Throughout the implementation of LSAs, whether at the international, national, or state/provincial levels, a number of conceptual, technical, and pragmatic issues became the subject of intense debate, discussion, and research. One of the main concerns during the Pilot Twelve Country Assessment was test translation. Over the years, a number of concerns related to validity and reliability of results arose. These included, for instance, opportunity to learn, test accommodations, and bias. Other issues were related to student and item sampling, test equating, standard setting, communication of results, and security of tests items. A great deal of scientific literature on these topics allowed researchers and practitioners to solve many of the problems and concerns involved in designing and implementing LSAs.

Interestingly, in speculating about the future of LSAs, Bennett (1997, p. 3) claimed that despite major advancement in that field over the years, in practice, they had still undergone very little change:

Although there has been much recent intellectual ferment and experimentation in educational assessment, the practice of large-scale testing is much the same today as it was twenty years ago. Most large-scale tests still serve only institutional purposes, are administered to big groups in single sittings on a few dates per year, make little use of new technology, and are premised on a psychological model that probably owes more to the behaviorism of the first half of this century than to the cognitive science of the current half.

Nearly 15 years later, it appears that today’s LSAs, particularly those conducted within educational jurisdictions, tend to lean toward a common and universal format that closely follows the measurement model, with its emphasis on reliability, on the use of a combination of multiple-choice and short open response items, and on speedy, cost-effective, and objective scoring methods (Crundwell, 2005). The cognitive and constructive models of learning, which favor the development of “big ideas” in reading, mathematics, and sciences, thus continue to take a back seat (Lane, 2004; Suurtamm, Lawson, & Koch, 2008). Since the publication of Knowing What Students Know (Pellegrino, Chudowsky, & Glaser, 2001), there has been greater emphasis on assessments to capture complex thinking, to be more closely aligned with learning and instruction, and to provide information that can guide student learning. Even though there have been great improvements with respect to these goals (Ercikan, 2006), there is evidence that LSAs may not be sensitive to instruction and may even contribute to narrowing it to the teaching of superficial contents (Wiliam, 2007). Thus an often heard principle associated with contemporary assessment is that decisions should be based on the results of more than one assessment.

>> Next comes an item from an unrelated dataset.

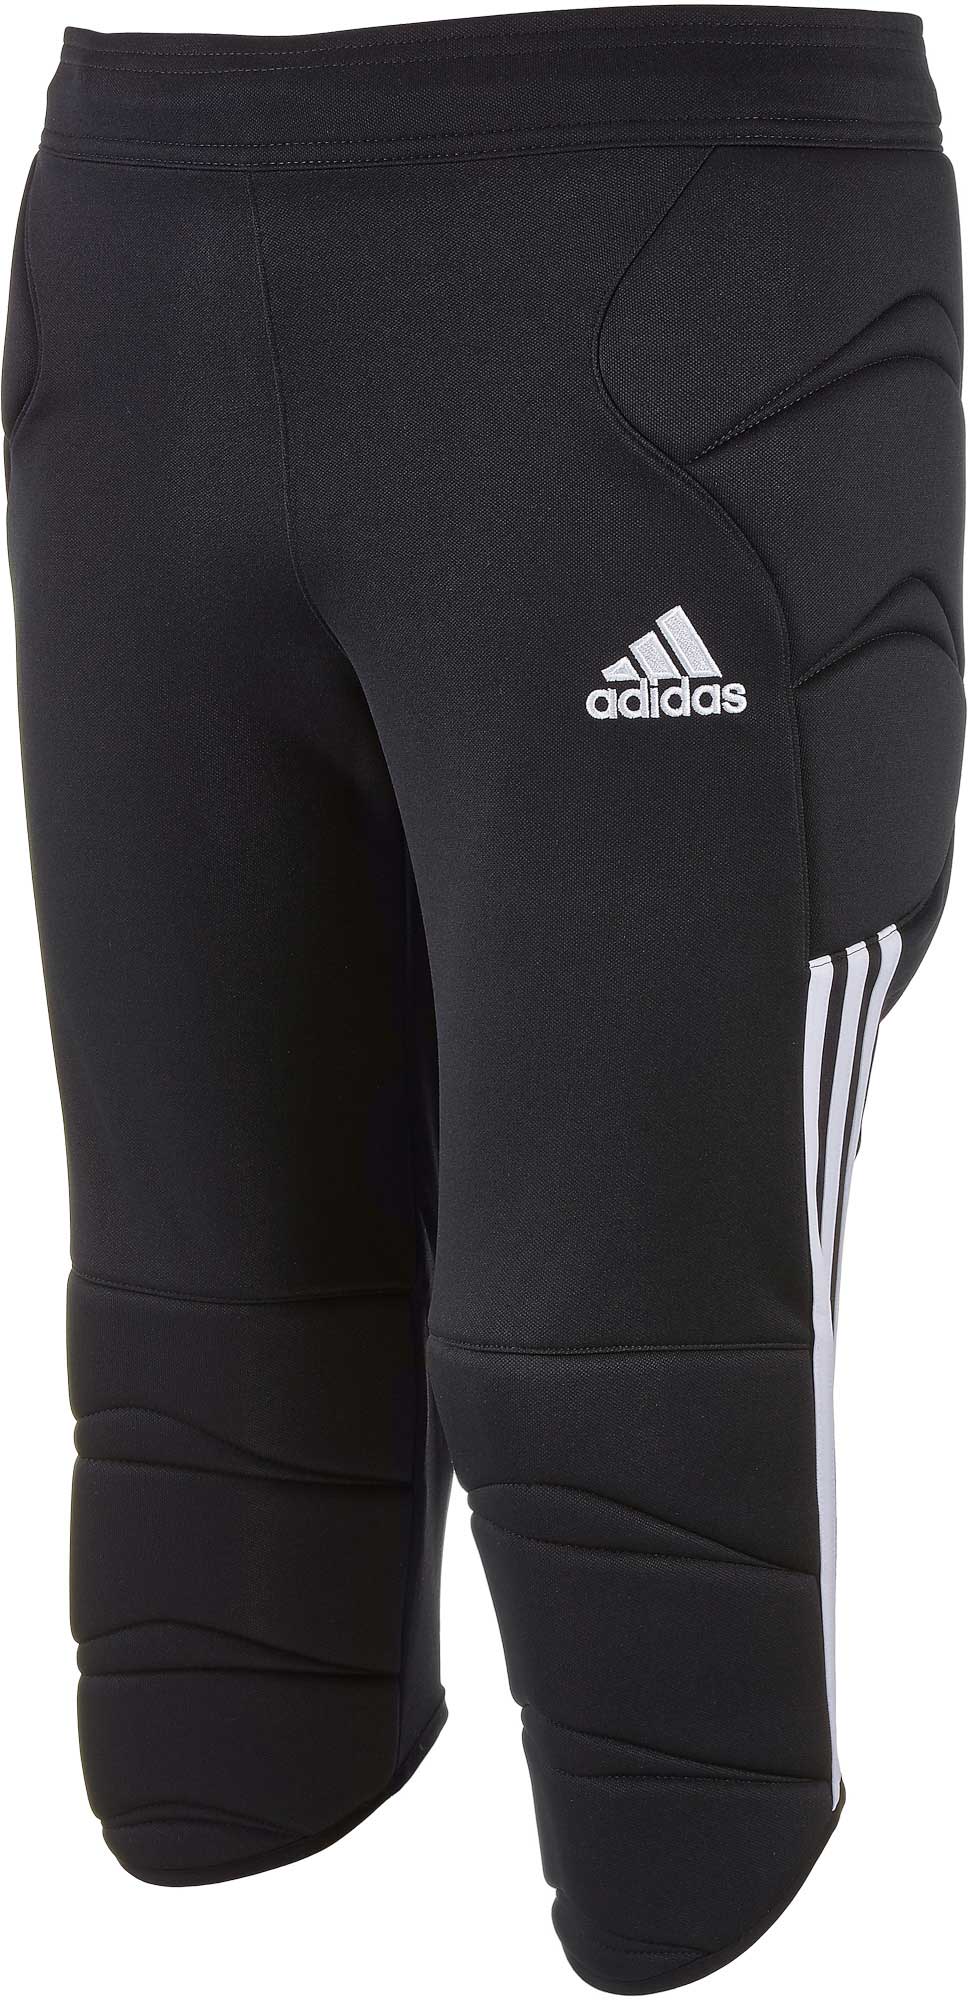 adidas soccer goalie pants
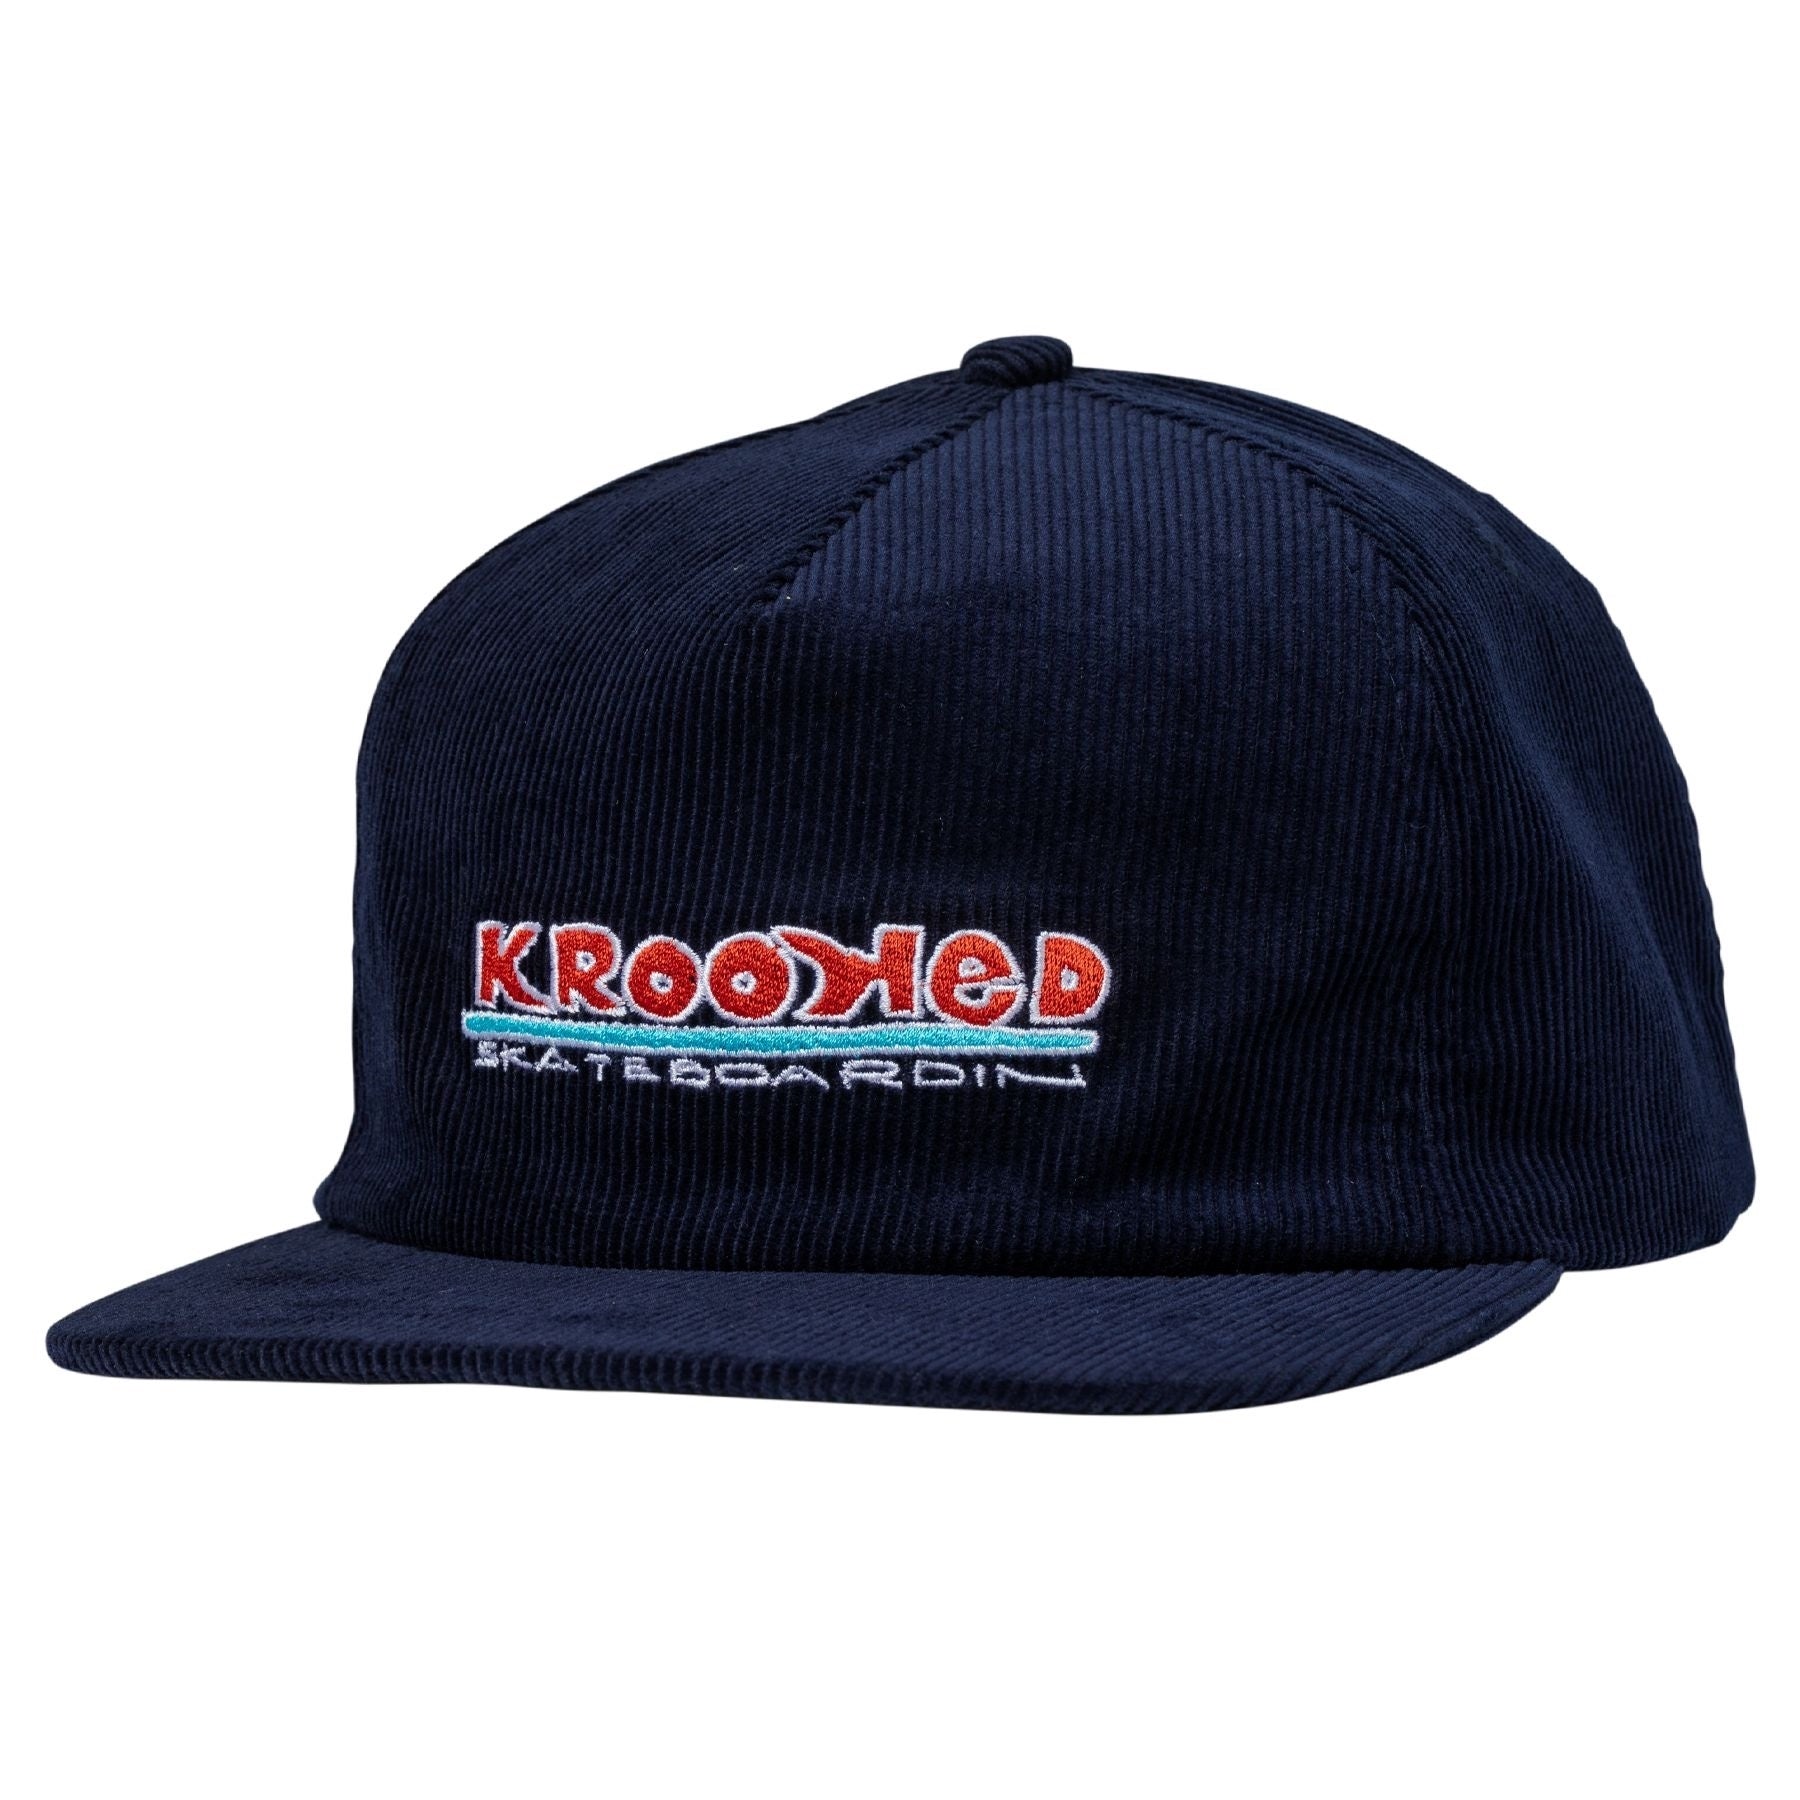 Krooked Skateboardin Adjustable Snapback Corduroy Hat (Navy) - Apple Valley Emporium

Key Issues Related to LSAs

The previous summary brings to light a number of issues that were the subject of intense discussion, debate, and research across several decades. Despite intellectual advancements, many of these problems continue to plague today’s LSAs and are constantly revisited by leading authors and experienced practitioners who are currently involved in these respective areas. This book features many of these issues in four sections: (a) assessment design, development, and delivery; (b) assessment of diverse populations; (c) scoring, score reporting, and the use of scores; and (d) psychometric modeling and statistical analysis.

Part I: Assessment Design, Development, and Delivery

This first section deals with the processes of planning, reviewing existing options, and organizing all aspects of LSAs prior to their administration. It features four chapters specifically dealing with such issues as investigating conceptual frameworks and designs for the measurement of student cognition and learning; developing background questionnaires to collect contextual data from students, teachers, school principals, and parents; motivating students to be fully engaged in LSAs; and adopting computer-based or computer-adaptive testing as a delivery option for LSAs.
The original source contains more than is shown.